The CBDT or Central Board of Direct Taxes has announced the Finance Act, 2018 wherein it has amended the Income Tax Act's Section 18.

What is Section 16?

Under this new provision of the Income Tax Act, a taxpayer who has income that is chargeable under the head ‘Salaries’ should allow deduction of Rs.40, 000 or the salary amount, whichever is less, for the computation of the taxable income.

The representations are received that are requiring the clarification such as whether a taxpayer, who gets a pension from his /her former employer, should as well be eligible for claiming the deductions.

The pension that a taxpayer gets from his/her former employer is also taxable under ‘Salaries’.

In the same way, any taxpayer who receives a pension from his/her former employer is entitled to claim the deduction which is the pension amount or Rs.40, 000, whichever is lesser as per Section 16 of the Income Tax Act.

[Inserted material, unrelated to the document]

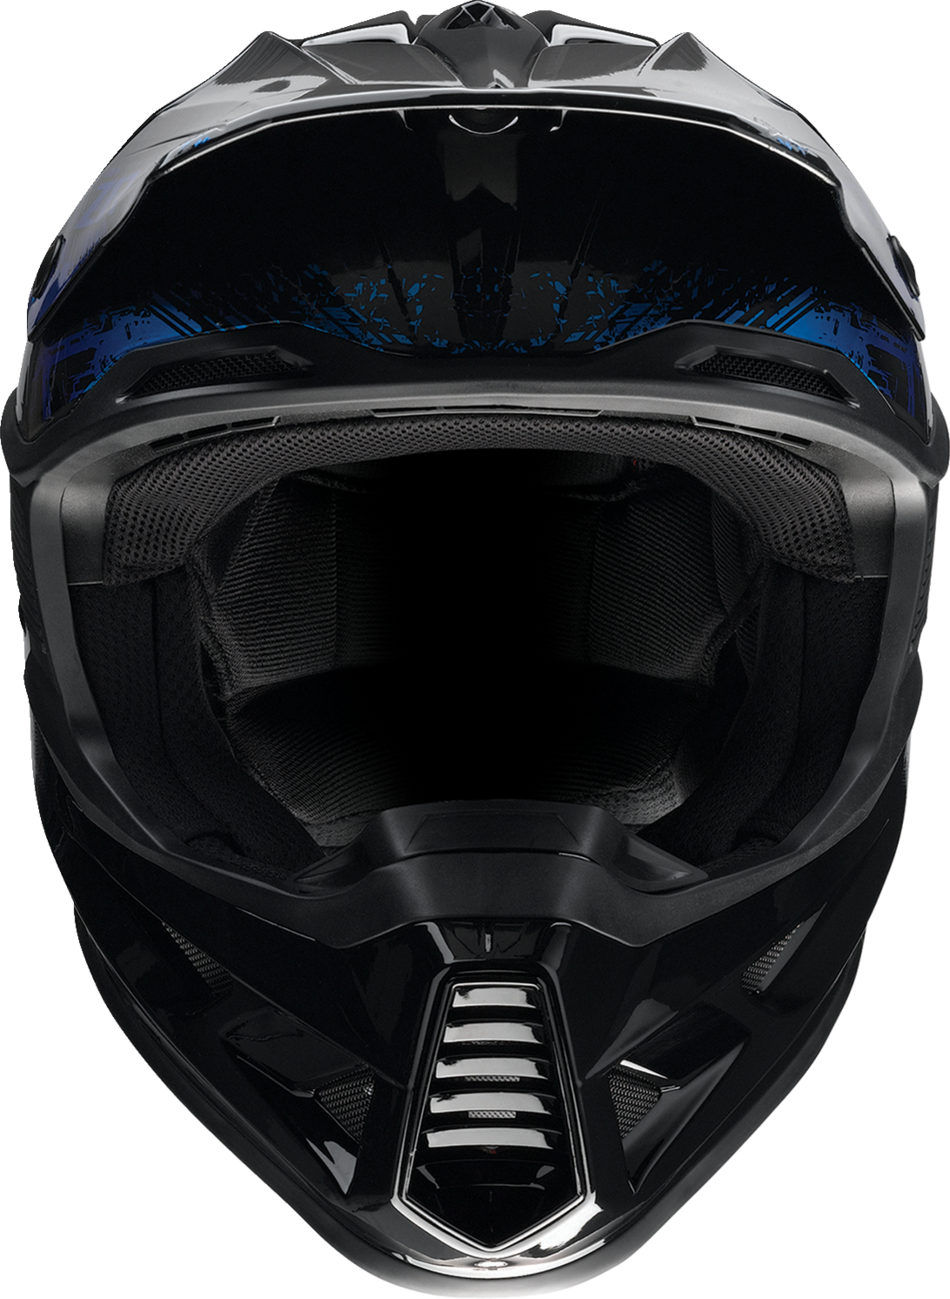 Z1R F.I. Helmet - Fractal - MIPS - Blue - Medium 0110-7789

Deductions under Section 16

The income that is chargeable under ‘Salaries’ head is computed after the following deductions under Section 16:

  • Deduction of entertainment allowance
  • Standard deductions
  • Professional tax

Standard Deduction [Section 16(i)/ (ia)]

  • The salary amount or
  • The standard deduction which is Rs.40, 000, whichever is low

Entertainment Allowance [Section 16 (ii)]

The entertainment allowance is initially included under the head ‘Salaries’ in the salary income and after that, a deduction is provided on the basis that is counted in the following paragraph:

  • In case of a government employee (i.e. an employee of State or Central Government), the minimum of the below mentioned is deducted:
    • 20% of the basic salary
    • 5, 000
    • Entertainment allowance amount that is granted during the last year.

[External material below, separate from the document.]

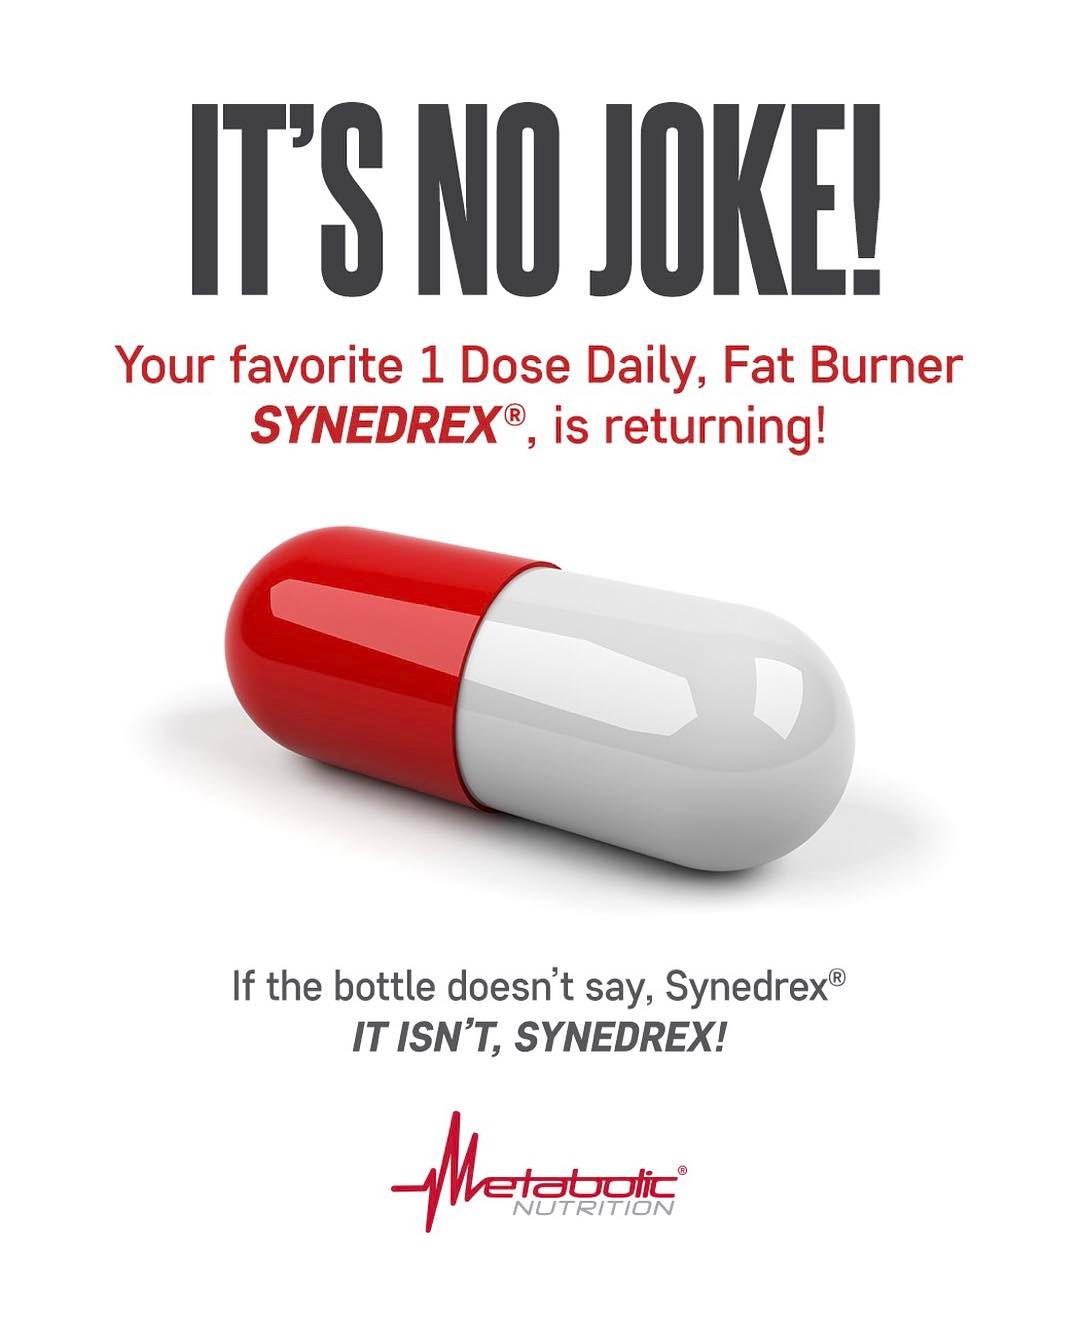 Metabolic Nutrition Synedrex Joke

To determine the entertainment amount allowance that is deducted from the salary, the below points must be considered:

  • The ‘salary’ of an individual for this purpose excludes the benefits, allowance, and other perquisites.
  • The actual amount that is expended towards the entertainment (out of the allowance of entertainment received) is not considered.
  • In case of a non-government employee (Including the employees of Local Authority and Statutory Corporation):
    • The allowance for the entertainment is not deductible in this case.

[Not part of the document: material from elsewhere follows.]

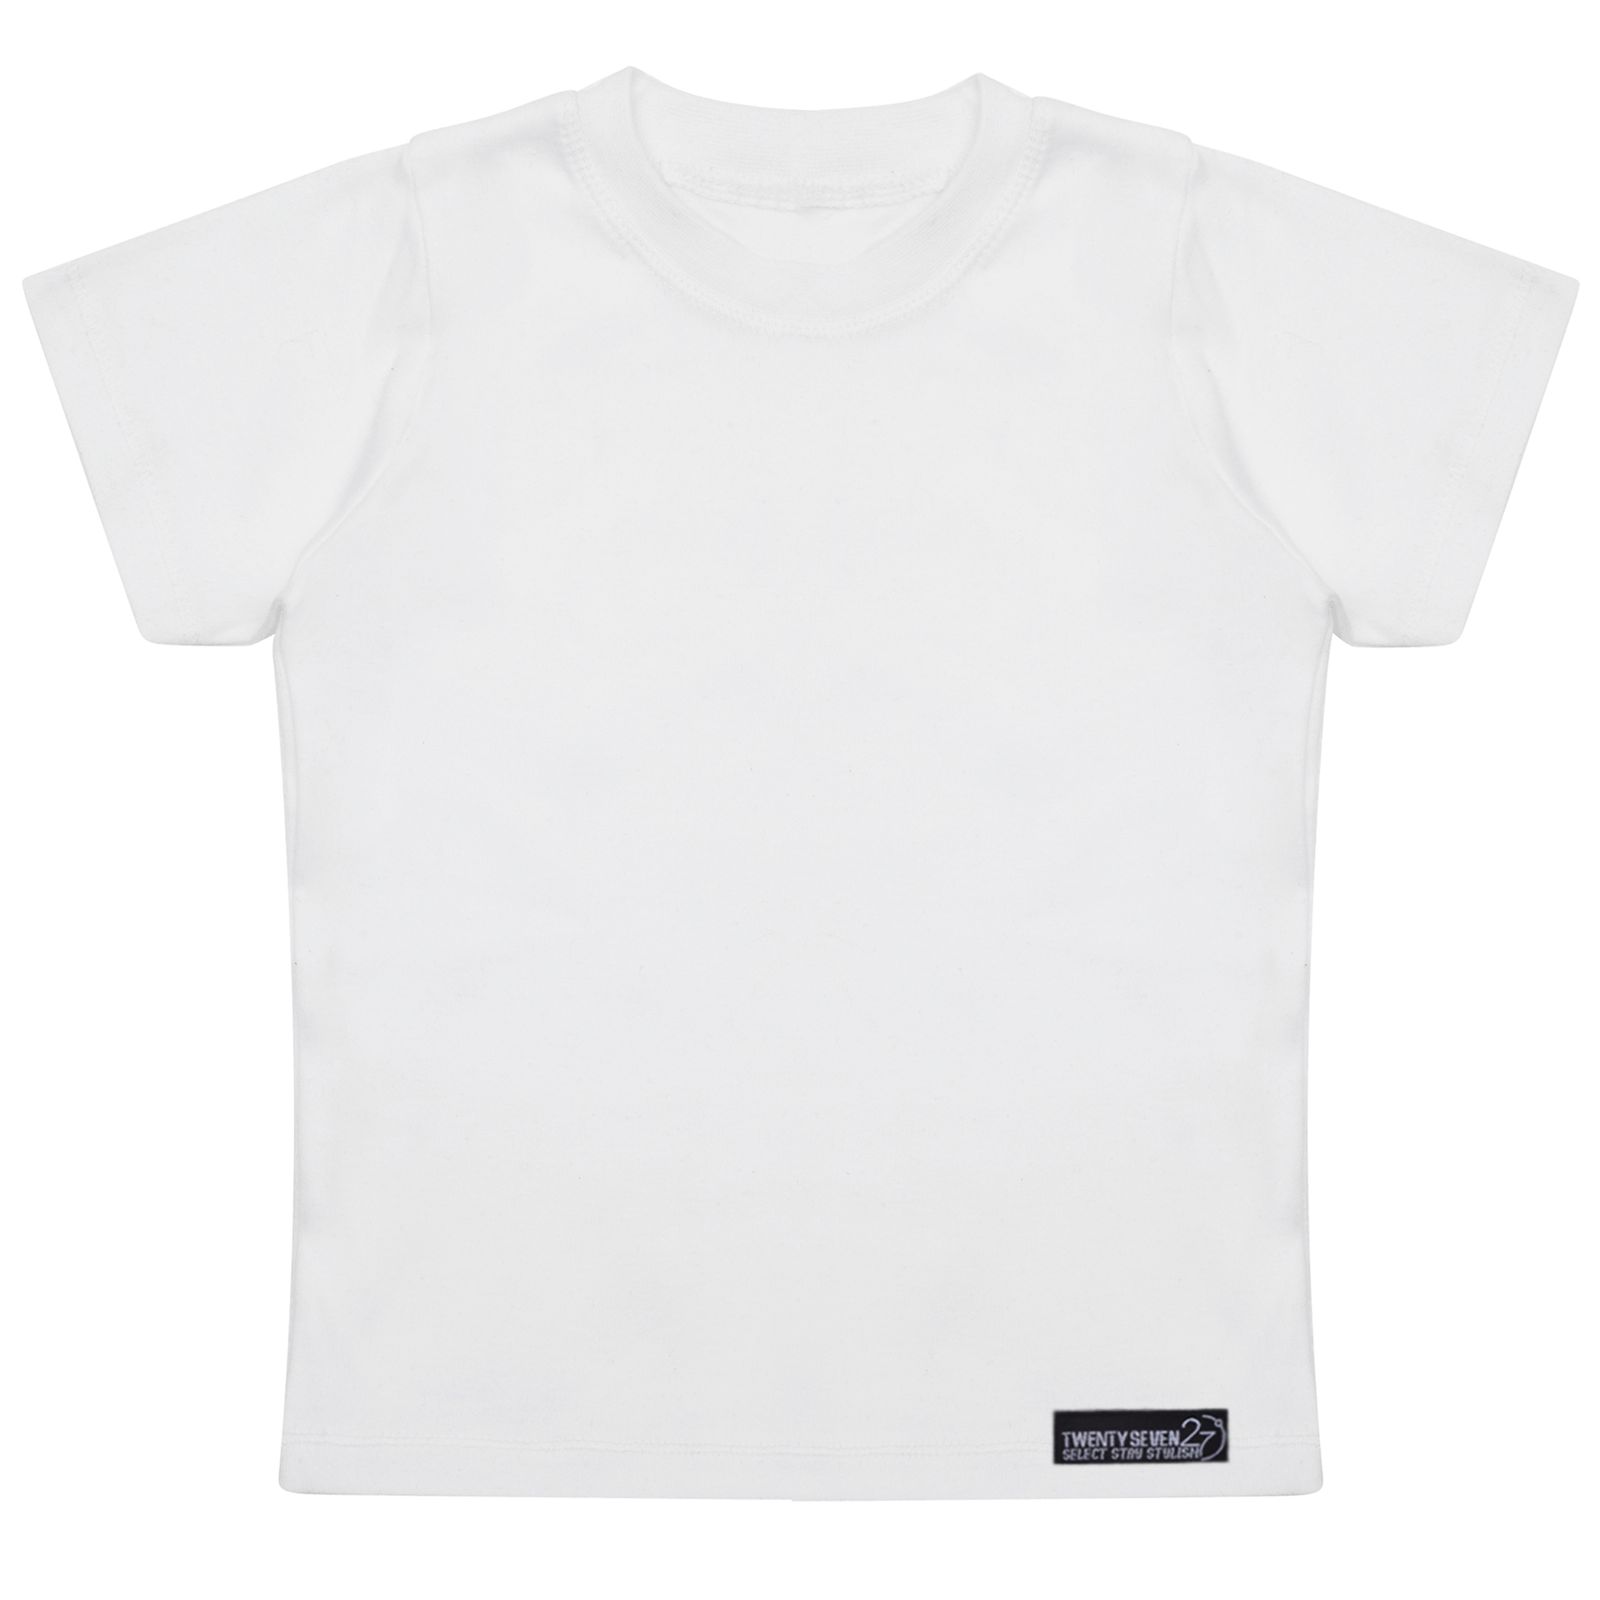 تی شرت آستین کوتاه دخترانه 27 مدل Tshirt White kids Simple کد MH1449 -  - 3

Tax on Employment or Professional Tax [Section 16 (iii)]

The tax on employment or professional tax, levied by some State in article 276 of the Constitution is granted as deducted.

In this situation, the following points must be kept in mind:

  • The deduction is available only in the year wherein professional tax is being paid.
  • There is no ceiling in monetary terms in the Income Tax Act in article 276 of the Constitution. Any State Government is not eligible to impose more than Rs.2, 500 annually as professional tax. As per the Income Tax Act, whatever professional tax an individual has paid during the last year, is deductible.
  • If an employer pays the professional tax on behalf of an employee, then it is included in employee’s salary under ‘perquisite' and after that, the equal amount is allowed as the deduction under ‘professional tax' deducted from the salary.  


To understand this let us take an example, image Mr. X is posted in the city of Hyderabad and he needs Rs.2, 000 yearly as a professional tax. He paid Rs.4, 000 on 31st May 2019 as professional tax (which is Rs.2, 000 for the year 2018 – 19 and Rs.2, 000 for the year 2019 – 20). In this situation, Rs.4, 000 is deductible for the last year 2019 – 20, here it is not correct to say that only Rs.2, 500 is deductible).